World's most powerful heavy-ion accelerator to open in Michigan

A community of 1,600 scientists from around the world will use the accelerator to study how the universe formed.

 The FRIB cryogenic plant made its first liquid helium at 4.5 kelvin (K) on 16 November 2017 (photo credit: Courtesy of MSU Communications and Brand Strategy)
The FRIB cryogenic plant made its first liquid helium at 4.5 kelvin (K) on 16 November 2017
(photo credit: Courtesy of MSU Communications and Brand Strategy)

The world's most powerful heavy-ion accelerator is set to open at the Facility for Rare Isotope Beams (FRIB) at Michigan State University's (MSU) on Monday, providing researchers with access to more than 1,000 new rare isotopes.

Rare isotopes are versions of elements with a combination of protons and neutrons that does not hold together forever.

A community of 1,600 scientists from around the world will use the FRIB to study how the universe formed and make advances in medicine, nuclear security, environmental science and more, according to MSU.

The accelerator will shoot atoms at a target at half the speed of light, creating collisions producing the rare isotopes, including ones never produced before on Earth.

“This project has been the realization of a dream of the whole community in nuclear physics,” said Ani Aprahamian, an experimental nuclear physicist at the University of Notre Dame in Indiana, according to Nature.

A view of the FRIB building looking southeast. (credit: FRIBComm)A view of the FRIB building looking southeast. (credit: FRIBComm)

The FRIB had a budget of over $900 million from the US Energy Department, the state of Michigan and MSU. Construction of the facility began in 2014.

Atoms, usually uranium, will be ionized and sent into a 450-meter-long accelerator where they'll hit a graphite wheel that spins continuously to avoid overheating any particular spot, according to Nature.
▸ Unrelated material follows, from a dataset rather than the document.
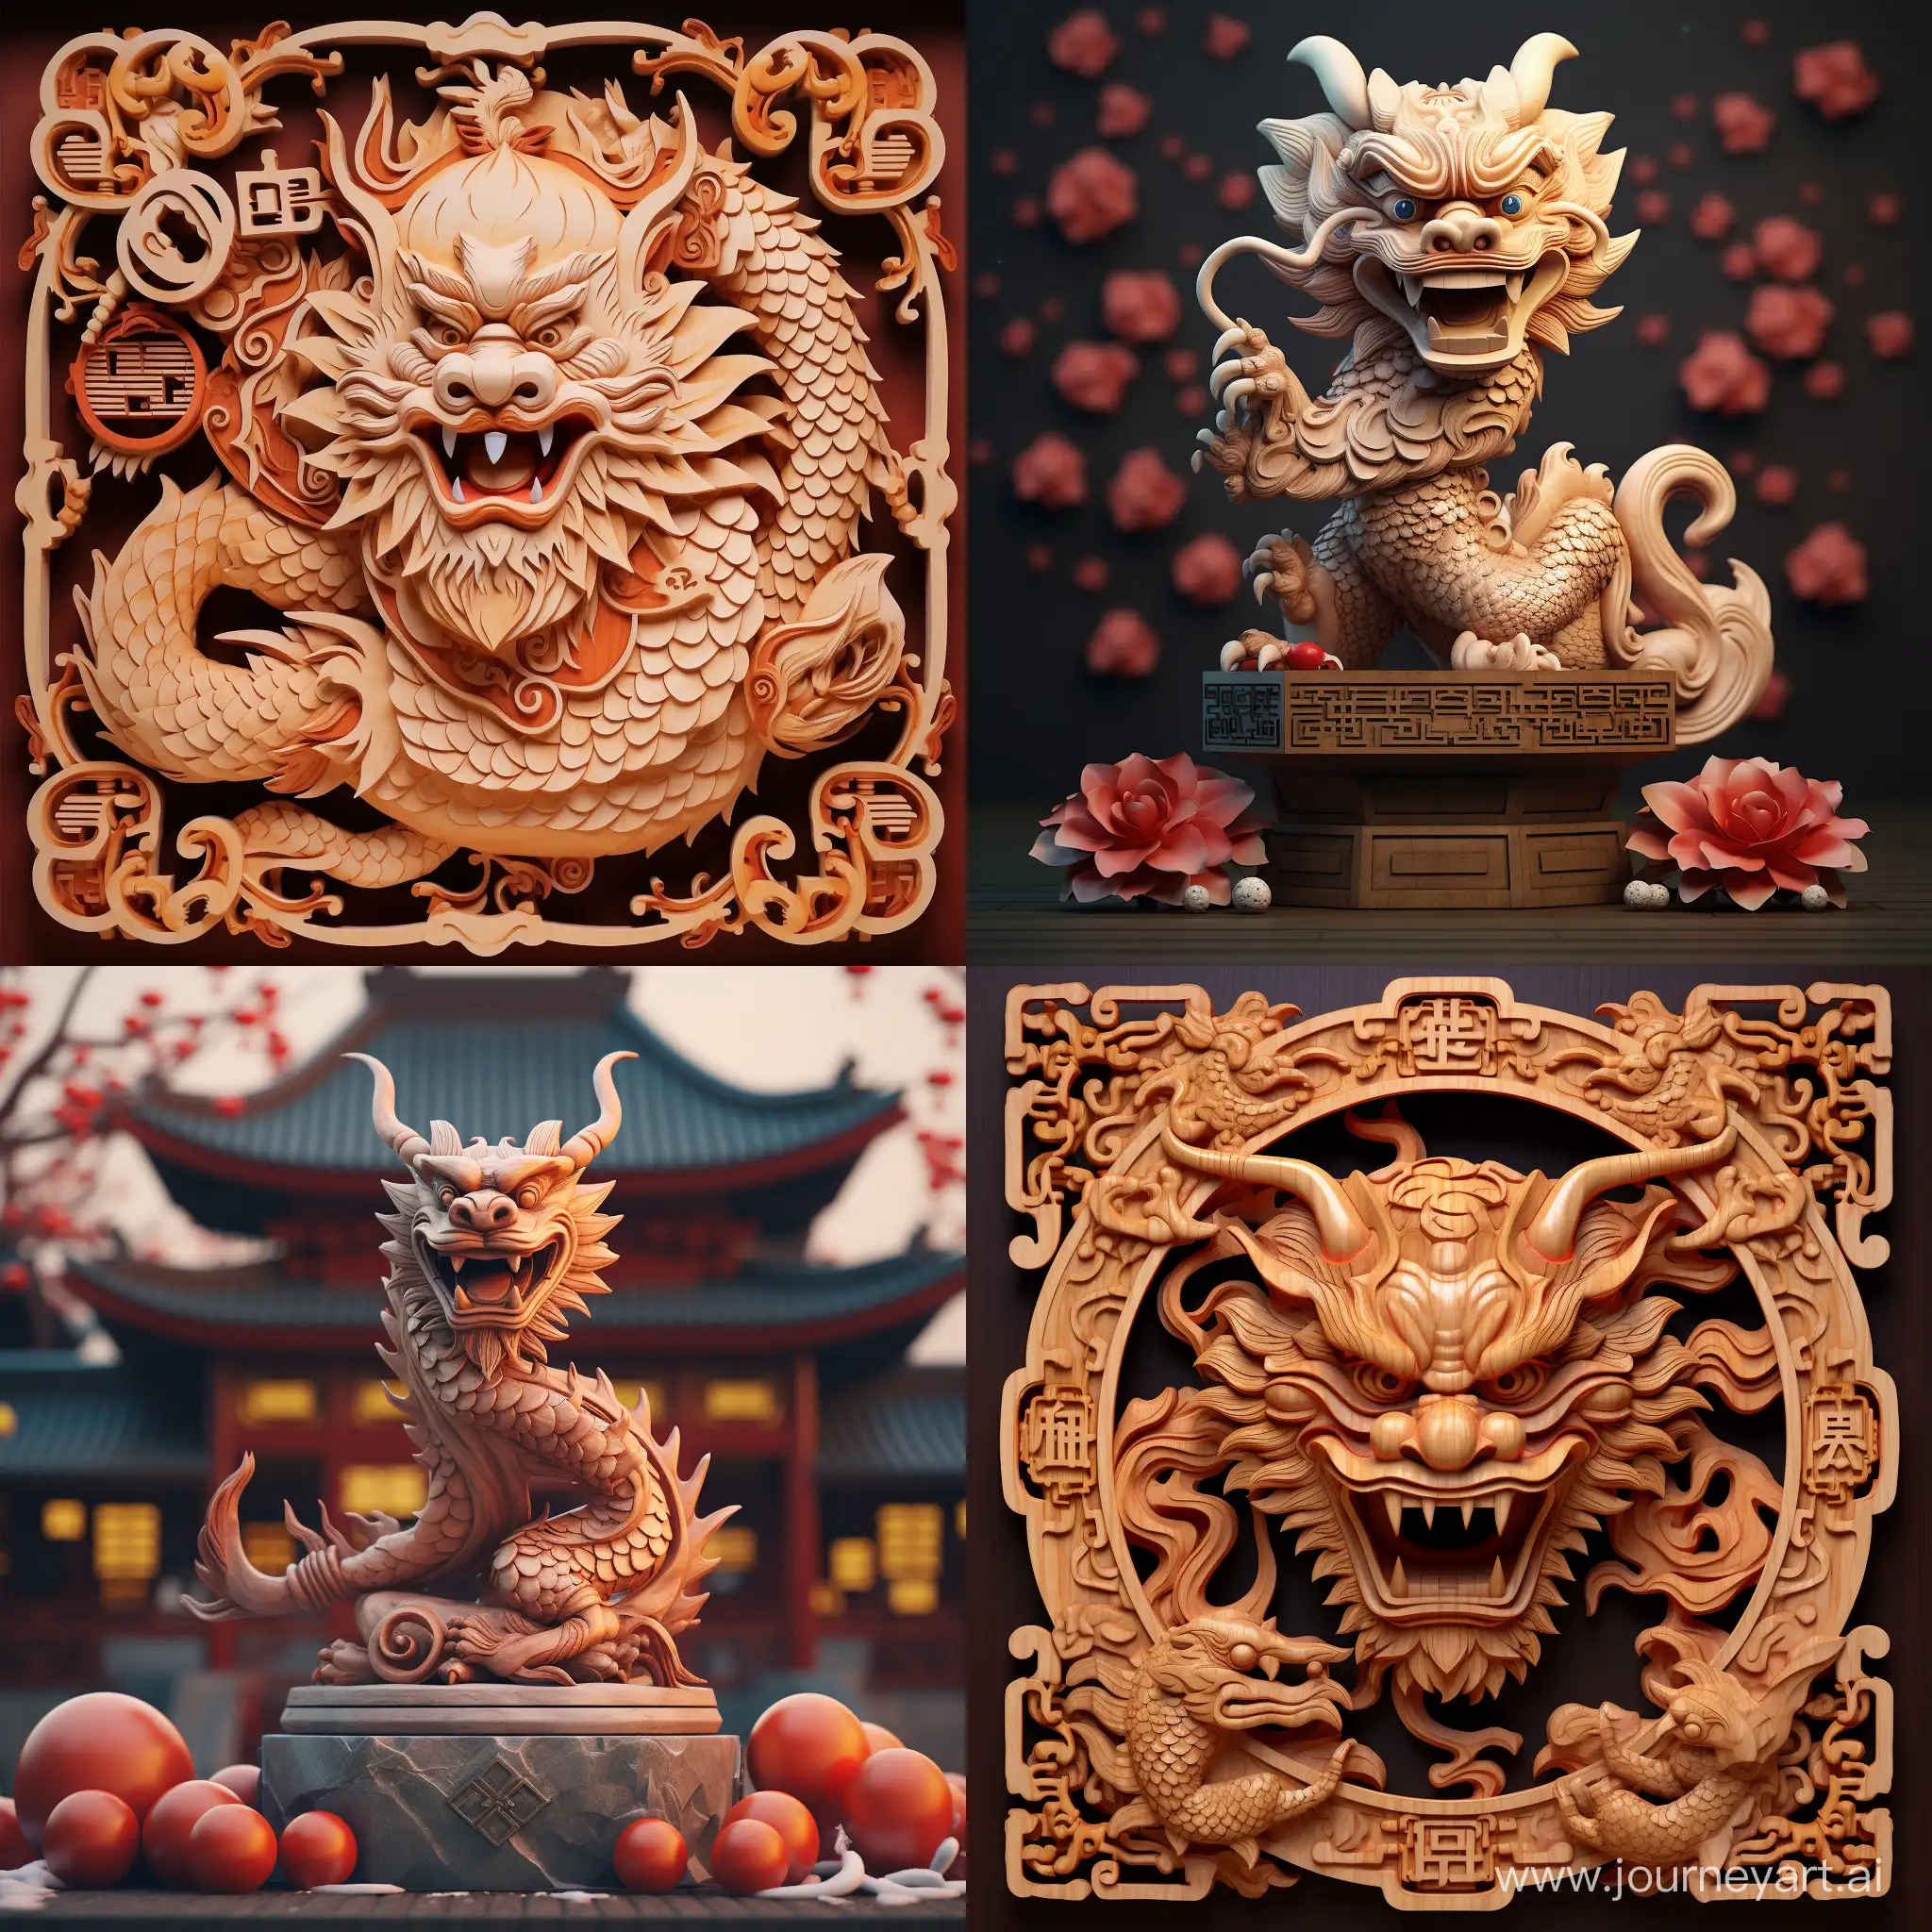 Joyful-New-Year-Wishes-with-Chinese-Wooden-Dragon-Blessings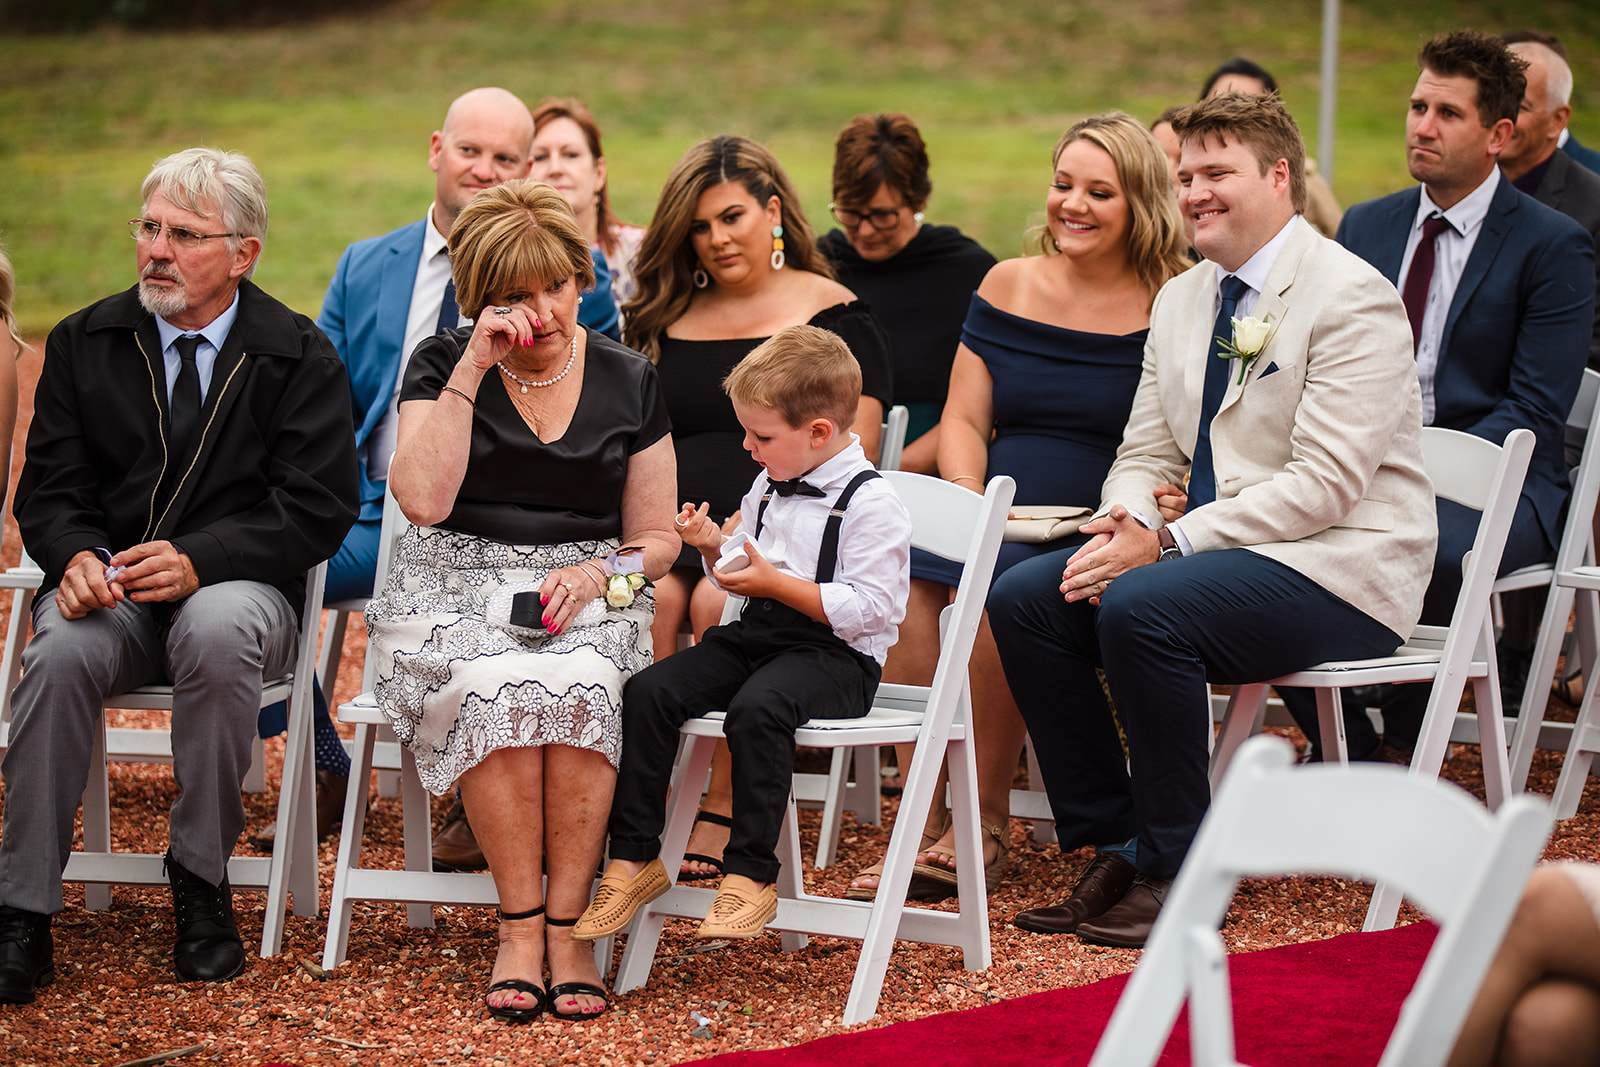 grooms mother tears up during ceremony

While most of the nuclei will pass through the graphite, some of them will collide with its carbon nuclei, causing the uranium nuclei to break up into smaller combinations of protons and neutrons.

The assorted nuclei are then directed up to a fragment separator, consisting of magnets that deflect each nucleus towards the right at an angle depending on its mass and charge, allowing the operators of the accelerator to produce a beam consisting of one isotope for each experiment. That isotope can then be routed to one of the experimental halls.

The FRIB also has a second accelerator that can take the rare isotopes and smash them against a target to mimic the high-energy collisions that happen in stars or supernovae.

The opening of the FRIB comes amid a busy time for the physics community.

The Large Hadron Collider (LHC) at CERN was restarted last week after being turned off for over three years for maintenance, consolidation and upgrade work. 

Four years of physics data-taking are set to begin this summer at the LHC, marking the third run of the collider. Until then, experts at the collider will work to recommission the machine and safely ramp up the energy and intensity of the beams before collisions for experiments will take place at a record energy of 13.6 trillion electronvolts.

The new run will allow the international teams of physicists who operate at CERN and across the world to study the Higgs boson in greater detail and conduct the most stringent tests ever conducted on the Standard Model of particle physics, the current central theory of how particle physics works.